May 17 2010
ATDF, a wholly owned subsidiary of SEMATECH, and The University of Texas at Austin (UT), have joined forces to create the Advanced Processing and Prototyping Center (AP2C), a highly specialized R&D program designed to speed leading-edge nanoelectronic technology to the marketplace.
The AP2C combines UT's world-class research with ATDF's leading-edge processing and SEMATECH's industry know-how, and builds on Texas' established reputation as a leader in the electronics industry. Funded with an approximately $5 million grant from the Defense Advanced Research Projects Agency (DARPA), the AP2C will investigate a wide range of revolutionary devices and materials which incorporate advanced microchip manufacturing technologies.
"The AP2C fits in well with the plans of Governor Perry and the UT System to develop a state and federal partnership for advancing nanotechnology in Texas," said Robert Barnhill, UT System vice-chancellor for Research and Technology Transfer.
Added Sanjay Banerjee, director of the UT Microelectronics Research Center and lead university researcher for the AP2C: "This new center is an excellent way to encourage promising research ideas, develop them, and then accelerate the best ones to quicken the pace of technology."
"Continuous advancements in leading edge and emerging technology areas are critical for future generations of the even more intense information-processing and storage needed to enable personalized medicine, on-demand entertainment, fully virtualized retail commerce, and the most sophisticated military and homeland security systems," said Dave Anderson, ATDF general manager.
The AP2C will be distributed physically within existing offices and labs at UT Austin, UT Dallas, SEMATECH, and ATDF. It will involve the efforts of approximately 200 professors, graduate students, engineers, and manufacturing technicians, significantly leveraging the regional nanoelectronics research infrastructure.
"With the AP2C, we have added another dynamic and innovative R&D resource to our portfolio of leading-edge development," said Anderson. "Here we can develop and test the new materials and innovative device structures and processing methods that will enable the electronics industry to accelerate, as well as drive the spillover benefits into other industries, such as biotechnology and energy."

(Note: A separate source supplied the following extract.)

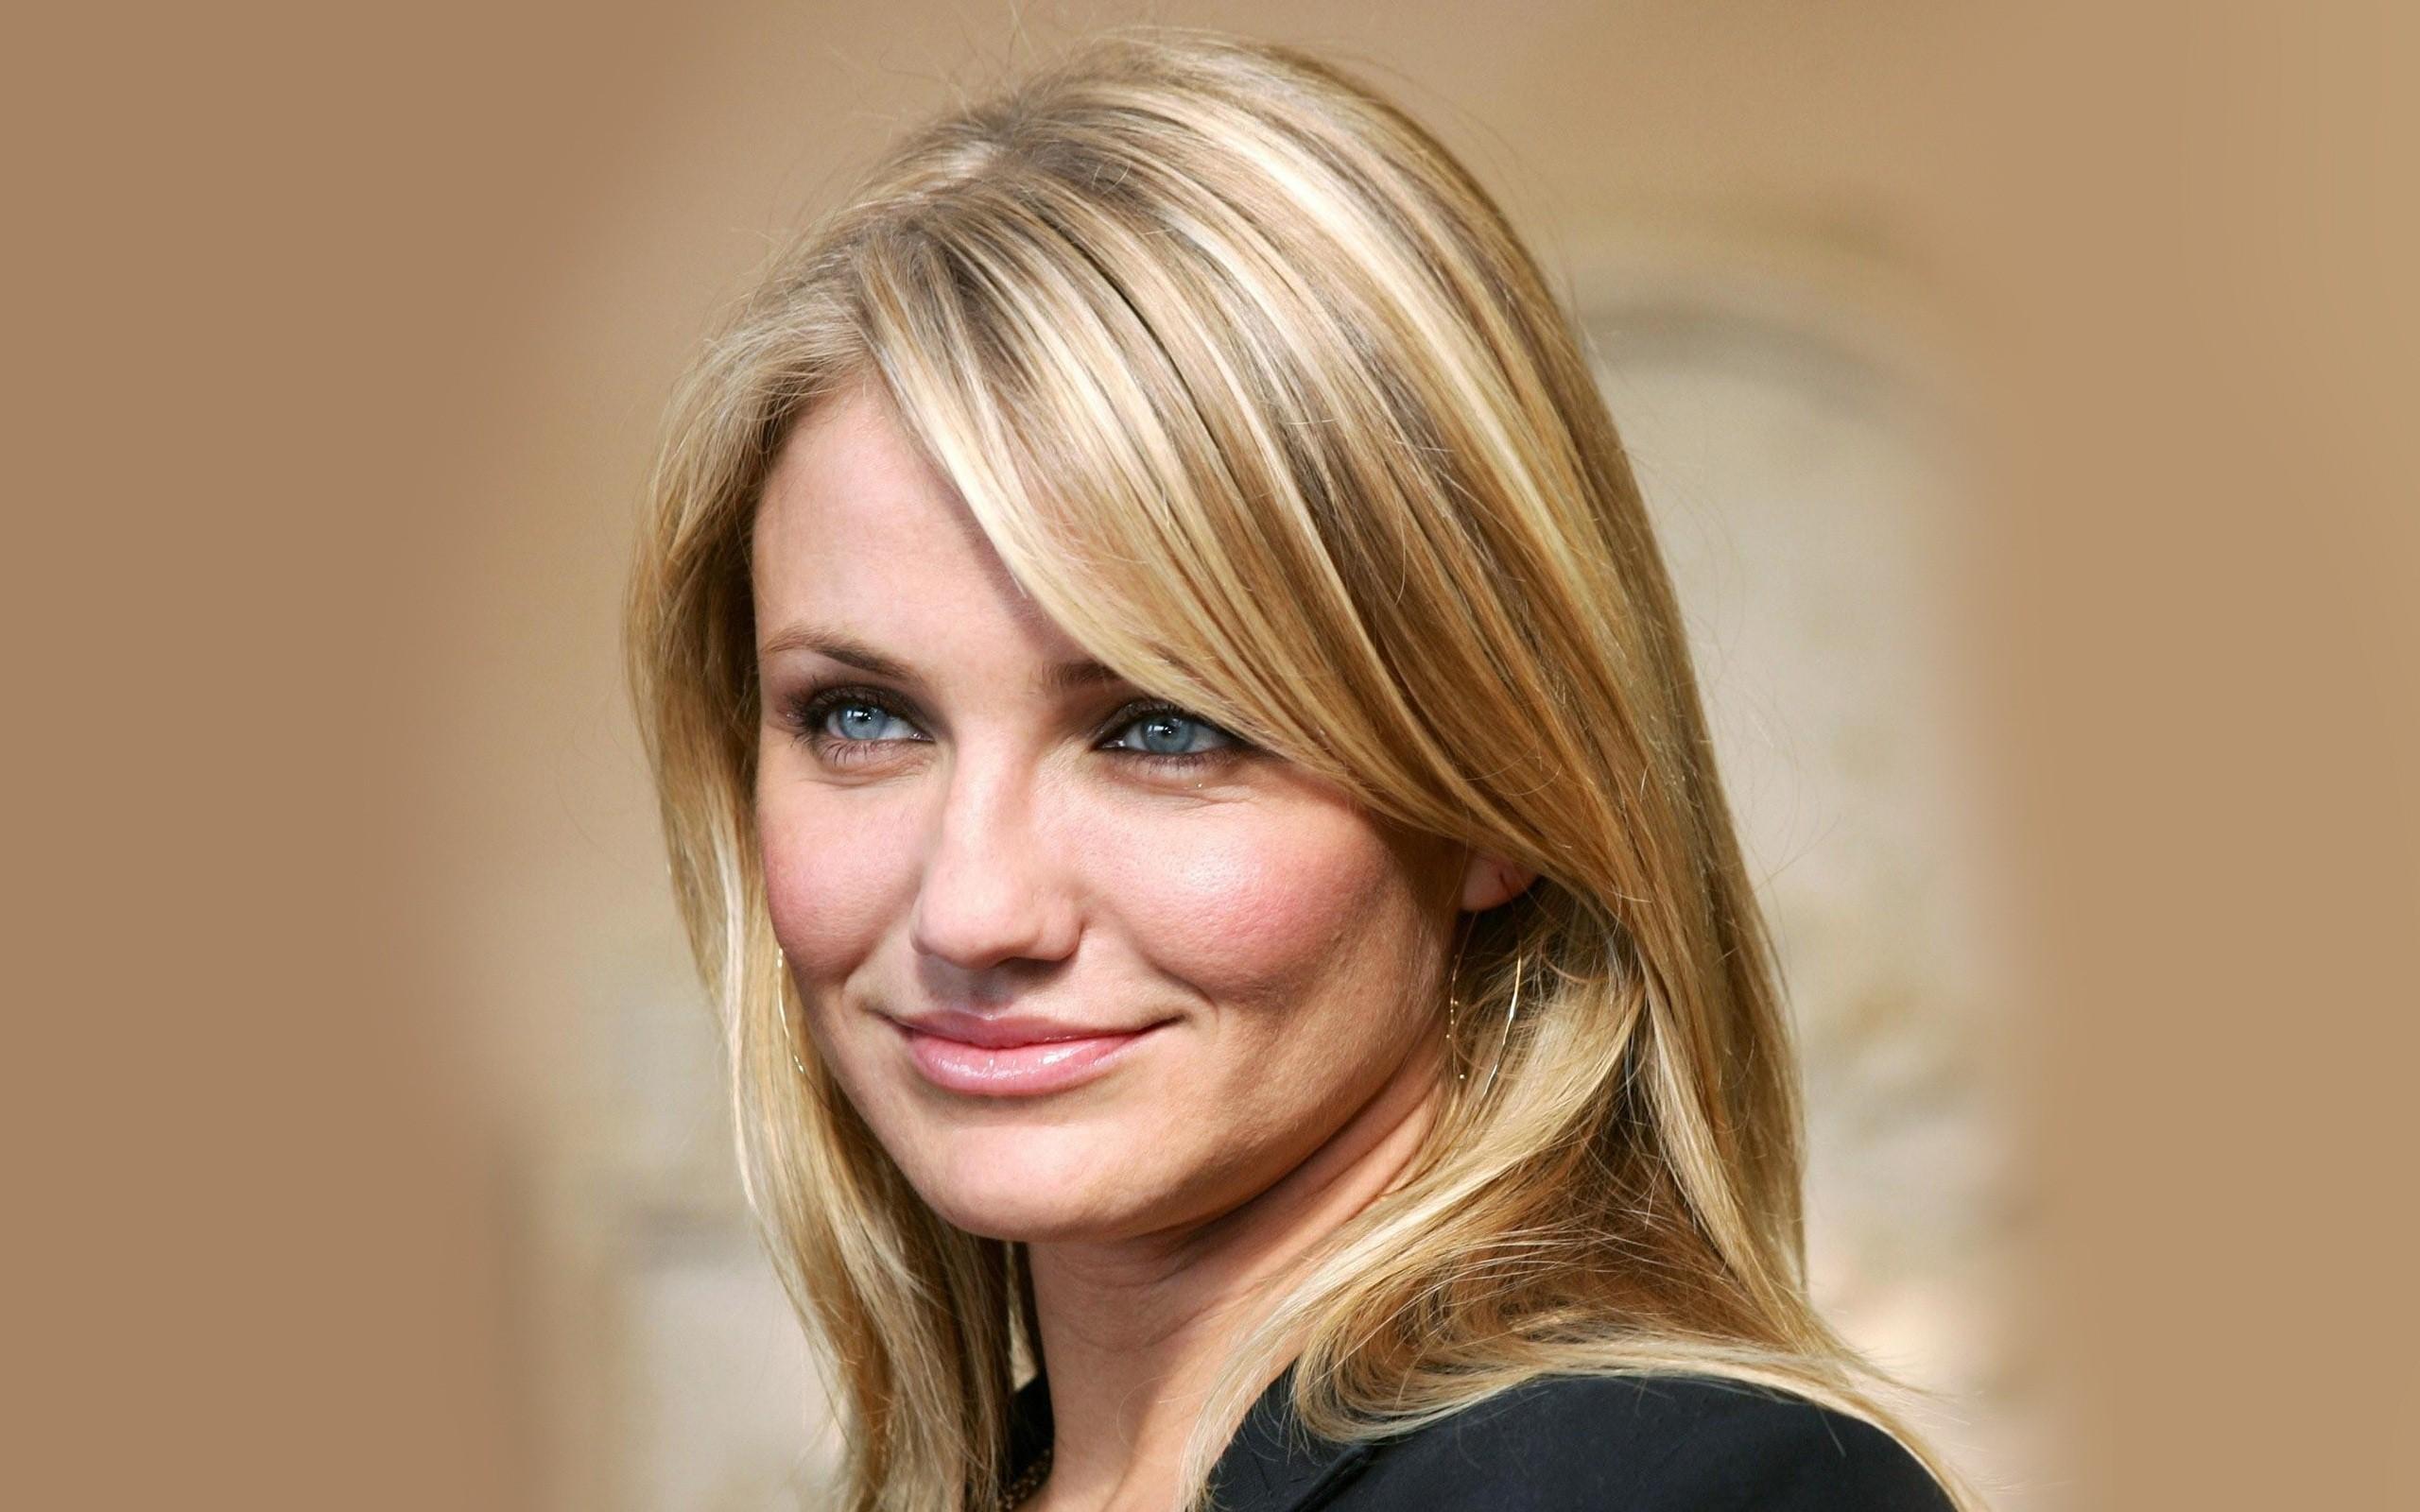 Cameron diaz wallpapers wallpapertag - Hollywood desktop wallpapers actresses ...

The AP2C will help enable R&D for many new technologies and products, including:
- Development and evaluation of nanoimprint technology, a revolutionary approach that could dramatically lower the cost of producing nanotechnology products, including electronic and biomedical devices
- Techniques needed to build "electronic noses," devices that have the ability to sense harmful chemicals, spoiled food, and illegal drugs
- New types of computer chips made of novel materials and structures, enabling faster communications devices that generate less heat and need less power to operate
- Advances in electron microscopes for the measurements required to develop next-generation nano-manufacturing tools and processes
AP2C Technical Details
The AP2C will complement work begun in 2004 at the Advanced Materials Research Center (AMRC), a state-funded, cooperative program between SEMATECH and Texas universities. ATDF, a leading advanced nanoscale manufacturing research facility, will offer accelerated production assessments of the most promising experimental devices and structures emerging from AP2C university projects.
Overall, AP2C projects will involve use of nanowires, silicon-germanium-carbon structures, imprint lithography, and substrates composed of high-mobility compound semiconductors bonded with silicon for advanced complementary metal oxide semiconductor (CMOS) technology. Other targeted technologies will include directed self-assembly for patterning, hybrid composite materials, spintronics memory, quantum transport and optical interconnects.
Specific AP2C projects initially will include:
- Fabrication of nanoscale field-effect transistors (FETs) composed of germanium nanowires
- Incorporation of carbon in silicon and germanium substrates to enable III-V compound semiconductors to be incorporated in semiconductor devices on a silicon wafer
- Step-and-flash imprint lithography, a revolutionary technology which uses a mold-like template to "stamp" extremely small structures into microchips or other nanotechnology or biotechnology devices
- Circuit patterning through directed self-assembly, an experimental way of "growing" circuit patterns directly on a chip
- Quantum transport, based on quantum mechanics to model the movement of electrons through nanoelectronics device switches
- Optical interconnects, involving the use of lasers instead of copper or other metals to connect devices on a chip
"AP2C will help define the future shape of nanoelectronics, and will allow our industry and other industries that have traditionally benefited from advancements in smaller, faster, innovative chip manufacturing capabilities, to continue accelerating forward," said Randy Goodall, director of External Programs for SEMATECH. "The resulting productivity in research, manufacturing, business and personal life will, in turn, benefit the industries and careers of the future -- keeping Texas in the race for leadership in technology innovation."